Nicko, thanks for the photos. That will work for me too  

What is the add-on to the vacuum system? Some sort of coarse material remover??


----------



## harrysin (Jan 15, 2007)

locin said:


> Hi Cliff and welcome to the forum,
> I have attached some photos of how I attached my Router which is a 3 ¼ hp triton and my shop vac. The power point attached to the table is plugged into any power outlet in the garage/workshop, the router is plugged into the shop vac and the shop vac is plugged into the power point on the side of the table. I leave the router on (except when changing bits), when I flick the power point on the side of the table both the shop vac and the router start.
> Hope this helps,
> Nicko


That system relies of course on a shop vac having a power point that is in parallel with it's motor.


----------



## harrysin (Jan 15, 2007)

With this range of Festool DC the vac plugs into the power point and the router/saw etc plugs into the vac which comes on when the tool is switched on, in other words they contain a master/slave switch which senses the current drawn by the tool and and so switches on.

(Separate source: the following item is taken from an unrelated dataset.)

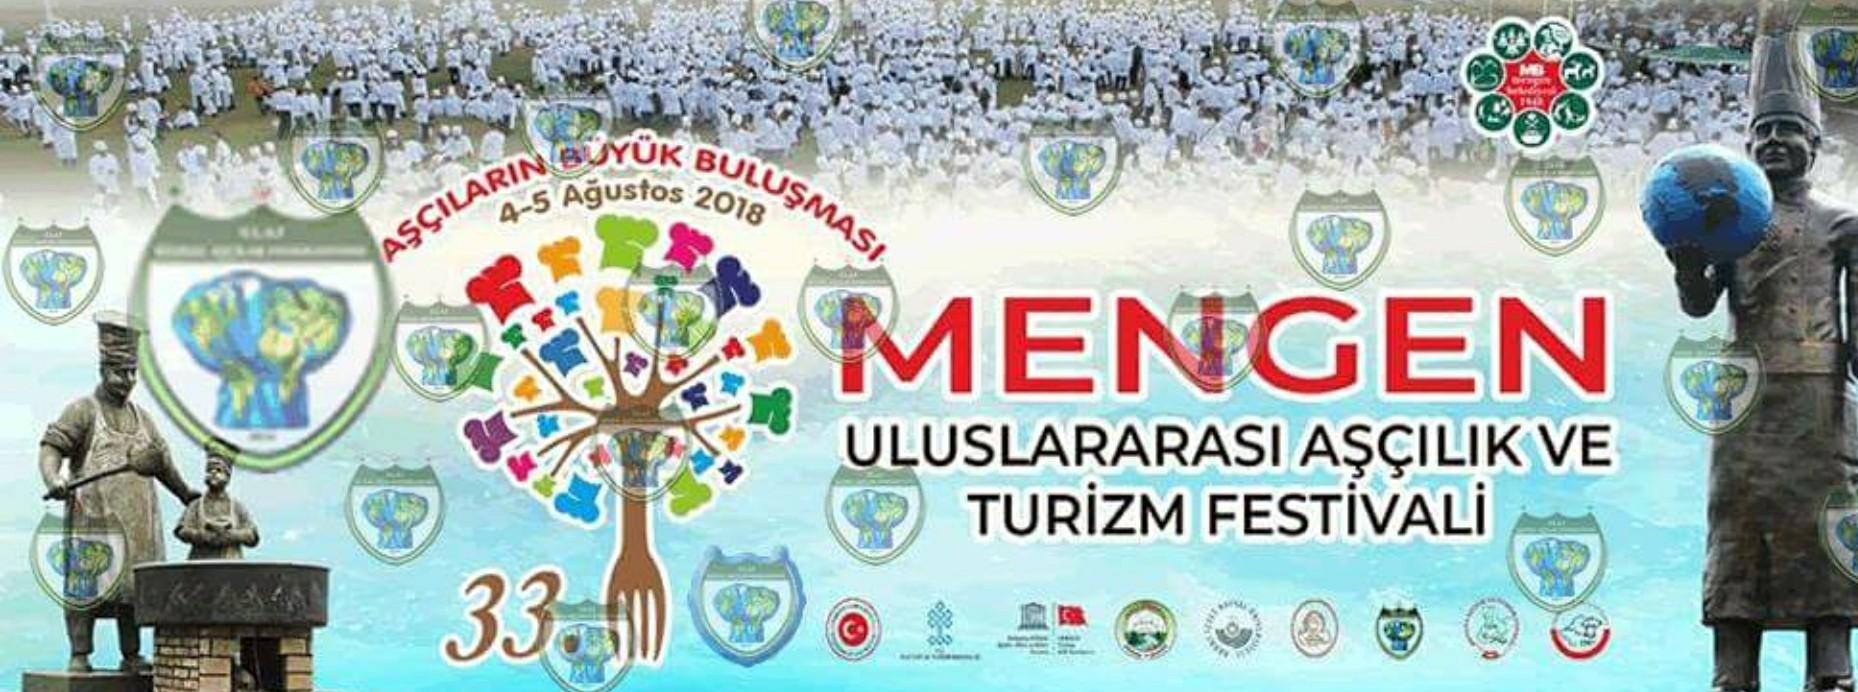 Mengen Aşçılık Festivali : 3-5 Ağustos 2018

Just Tools Australia - Tool Specialist in Power & Cordless Tools, Hand & Air Tools


----------



## Mike (Nov 22, 2004)

One thing nobody mentioned is you can not plug your router into an external speed controller. If you do this it will cause the soft start/speed controller in your router to burn out and that is expensive. External speed controllers can only be used with single speed routers or routers that have been modified.


----------